Re: Behavior of pinned perf event array

Andrii Nakryiko <andrii.nakryiko@xxxxxxxxx> · Thu, 24 Sep 2020 13:14:10 -0700

On Thu, Sep 24, 2020 at 1:43 AM Daniel Borkmann <daniel@xxxxxxxxxxxxx> wrote:
>
> On 9/23/20 6:21 PM, Song Liu wrote:
> >> On Sep 14, 2020, at 3:59 PM, Andrii Nakryiko <andrii.nakryiko@xxxxxxxxx> wrote:
> >> On Fri, Sep 11, 2020 at 1:36 PM Song Liu <songliubraving@xxxxxx> wrote:
> [...]
> >> Daniel, are you aware of any use cases that do rely on such a behavior
> >> of PERV_EVENT_ARRAY?
> >>
> >> For me this auto-removal of elements on closing *one of a few*
> >> PERF_EVENT_ARRAY FDs (original one, but still just one of a few active
> >> ones) was extremely surprising. It doesn't follow what we do for any
> >> other BPF map, as far as I can tell.
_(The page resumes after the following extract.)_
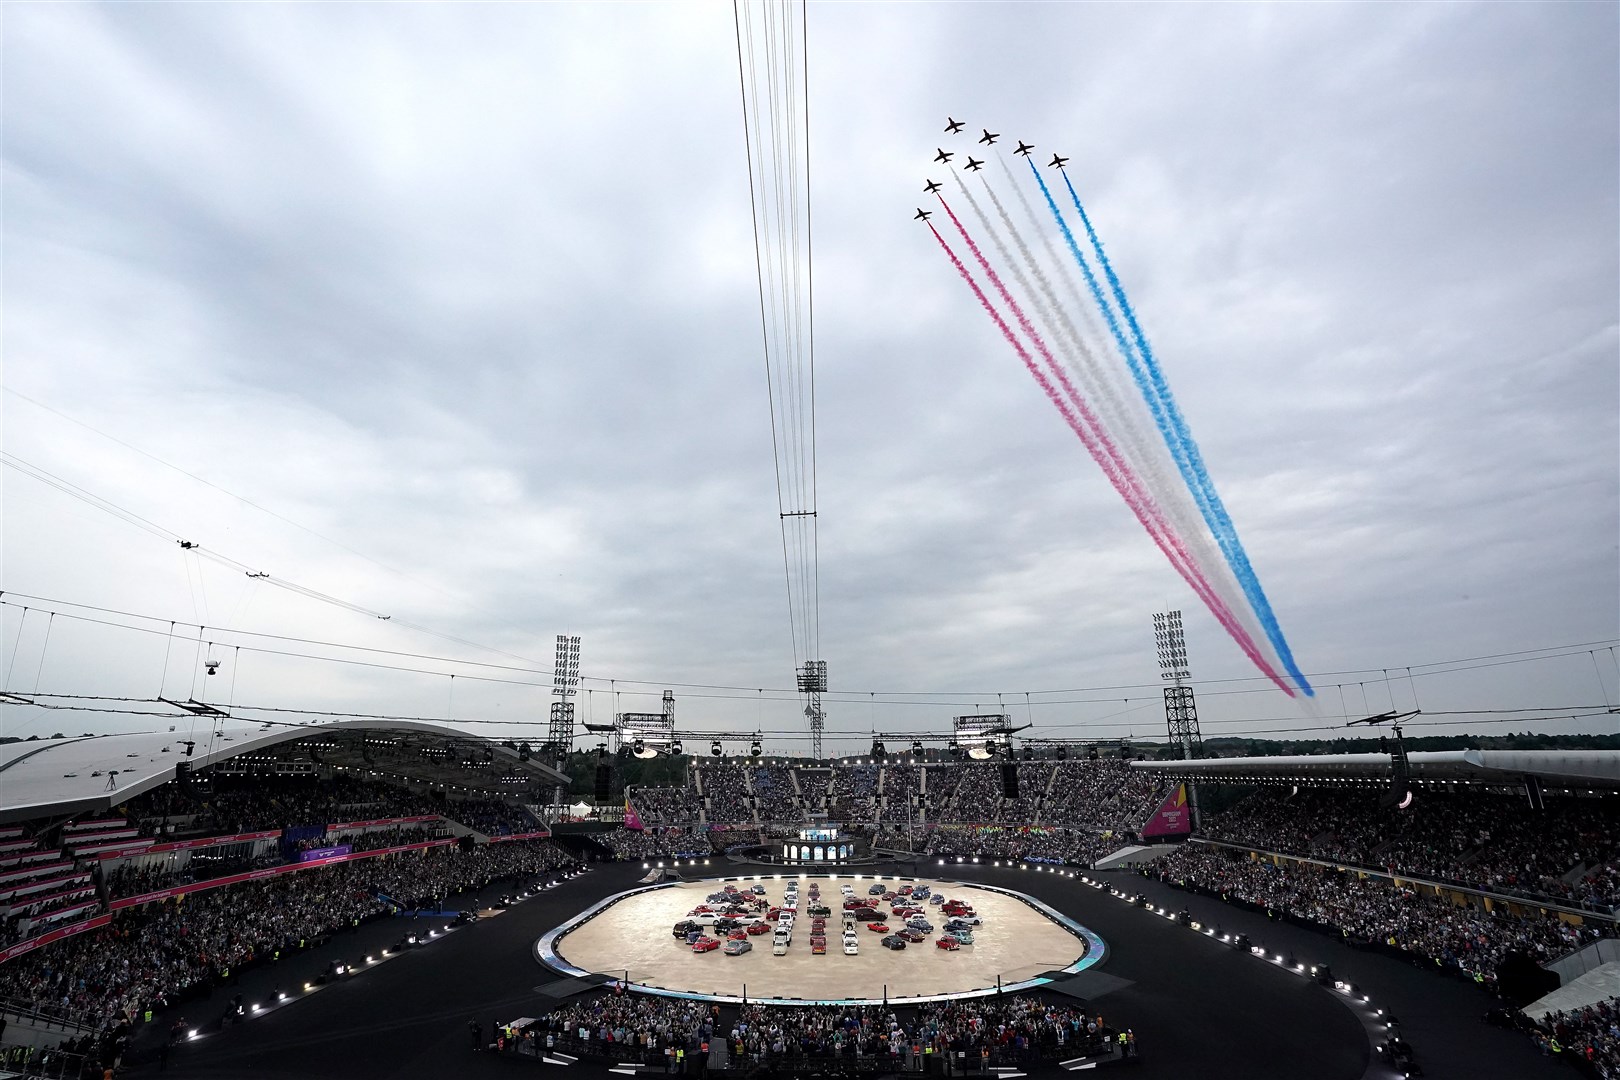 The Red Arrows flypast goes over the stadium during the opening ceremony (Zac Goodwin/PA)

E.g., think about
> >> BPF_MAP_TYPE_PROG_ARRAY. If we pin it in BPF FS and close FD, it won't
> >> auto-remove all the tail call programs, right? There is exactly the
> >> same concern with not auto-releasing bpf_progs, just like with
> >> perf_event. But it's not accidental, if you are pinning a BPF map, you
> >> know what you are doing (at least we have to assume so :).
> >>
> >> So instead of adding an extra option, shouldn't we just fix this
> >> behavior instead and make it the same across all BPF maps that hold
> >> kernel resources?
> >
> > Could you please share your thoughts on this? I personally don't have
> > strong preference one way (add a flag) or the other (change the default
> > behavior). But I think we need to agree on the direction to go.
>
> My preference would be to have an opt-in flag, we do rely on the auto-removal
> of the perf event map entry on client close in Cilium at least, e.g. a monitor
> application can insert itself into the map to start receiving events from
> the BPF datapath, and upon exit (no matter whether graceful or not) we don't
> consume any more cycles in the data path than necessary for events, and
> from the __bpf_perf_event_output() we bail out right after checking the
> READ_ONCE(array->ptrs[index]) instead of pushing data that later on no-one
> picks up.

Well, then that's settled. We can't break existing use cases.